• **INFORMATION PROVIDED**
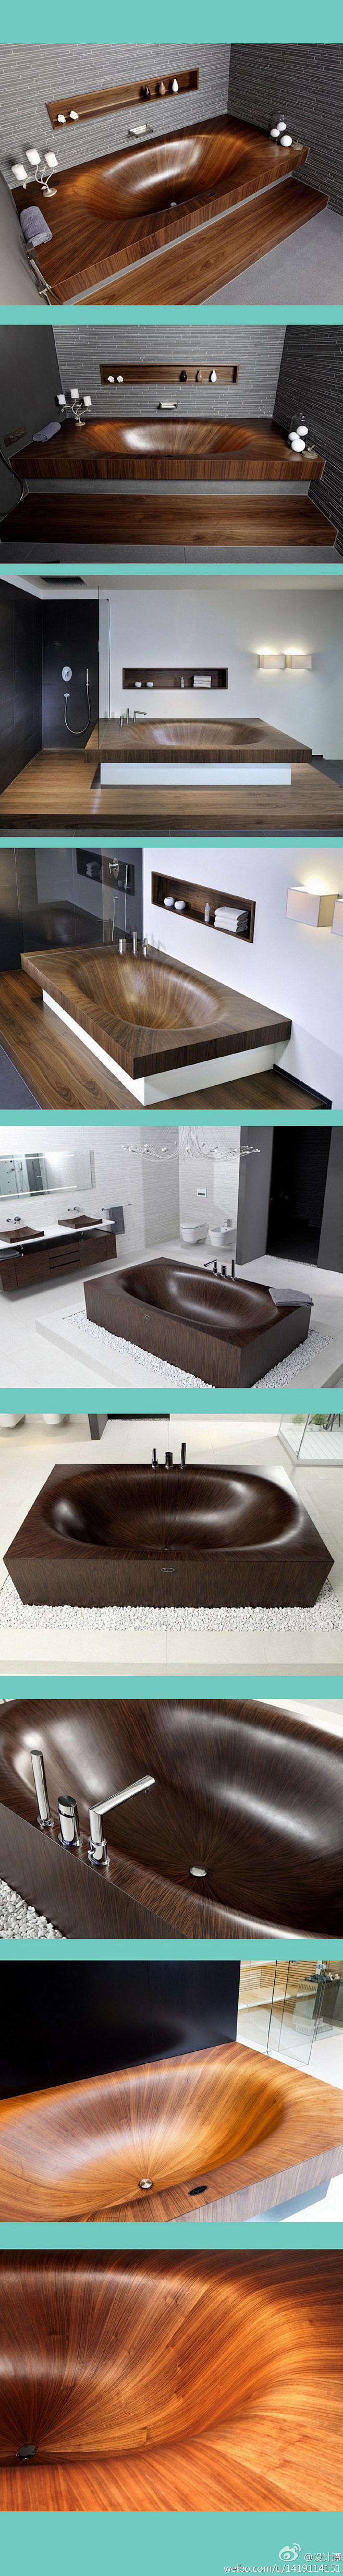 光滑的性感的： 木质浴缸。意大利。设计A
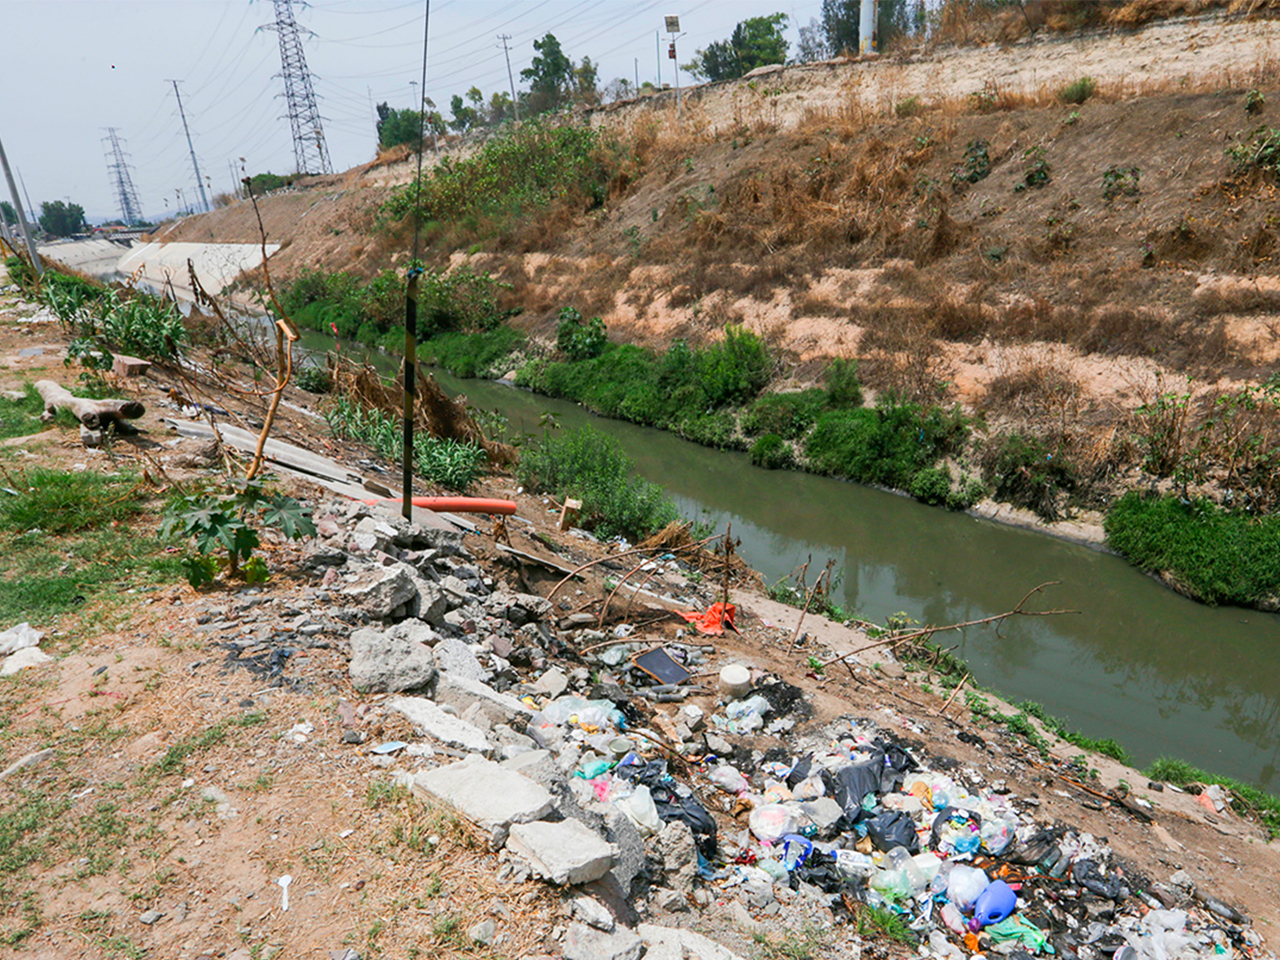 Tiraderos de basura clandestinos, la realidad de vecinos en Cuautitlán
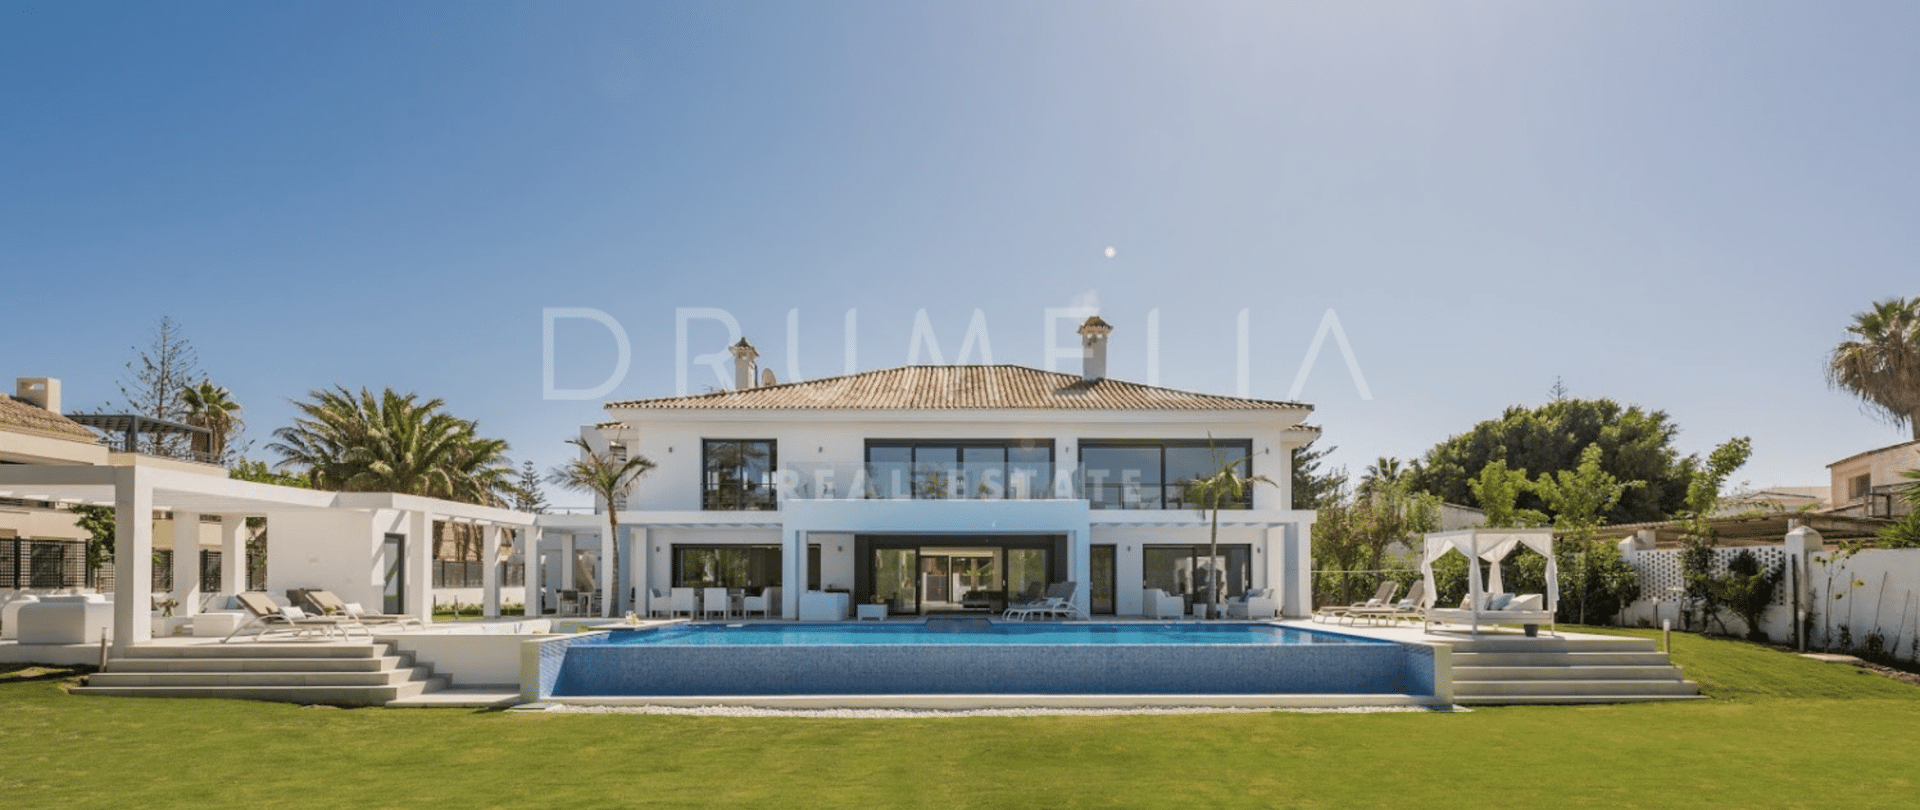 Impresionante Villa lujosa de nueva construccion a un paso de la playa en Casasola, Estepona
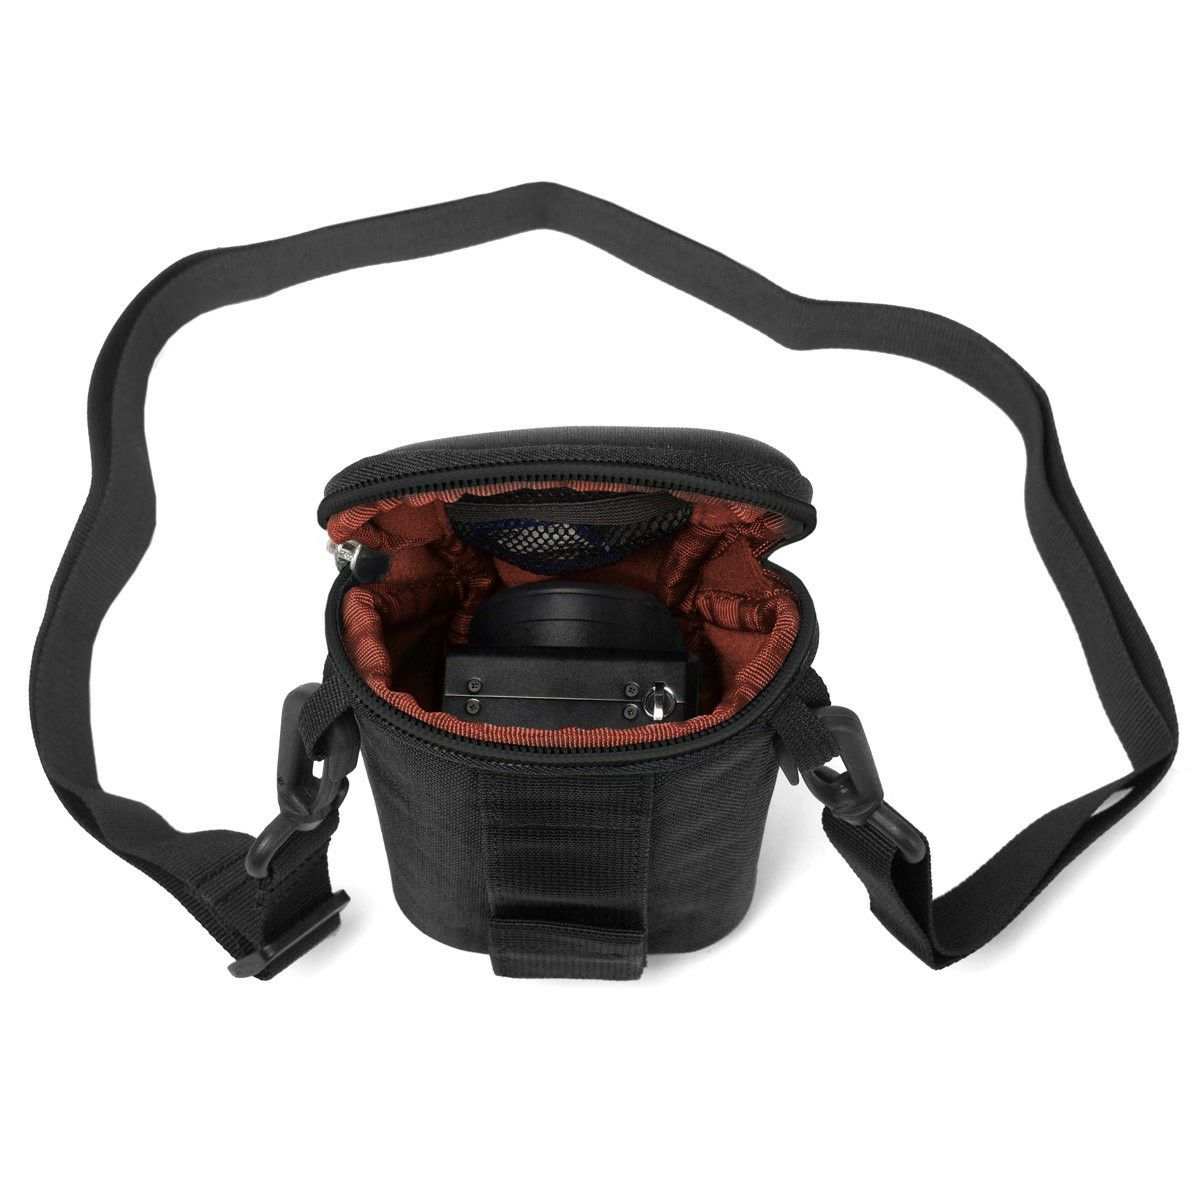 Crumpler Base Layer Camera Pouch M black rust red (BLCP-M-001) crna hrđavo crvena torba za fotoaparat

• **EXERCISE OBJECTIVE**
For each line above, output its wording exactly and leave out any picture.

• **REPLY**
 光滑的性感的： 木质浴缸。意大利。设计A
 Tiraderos de basura clandestinos, la realidad de vecinos en Cuautitlán
 Impresionante Villa lujosa de nueva construccion a un paso de la playa en Casasola, Estepona
 Crumpler Base Layer Camera Pouch M black rust red (BLCP-M-001) crna hrđavo crvena torba za fotoaparat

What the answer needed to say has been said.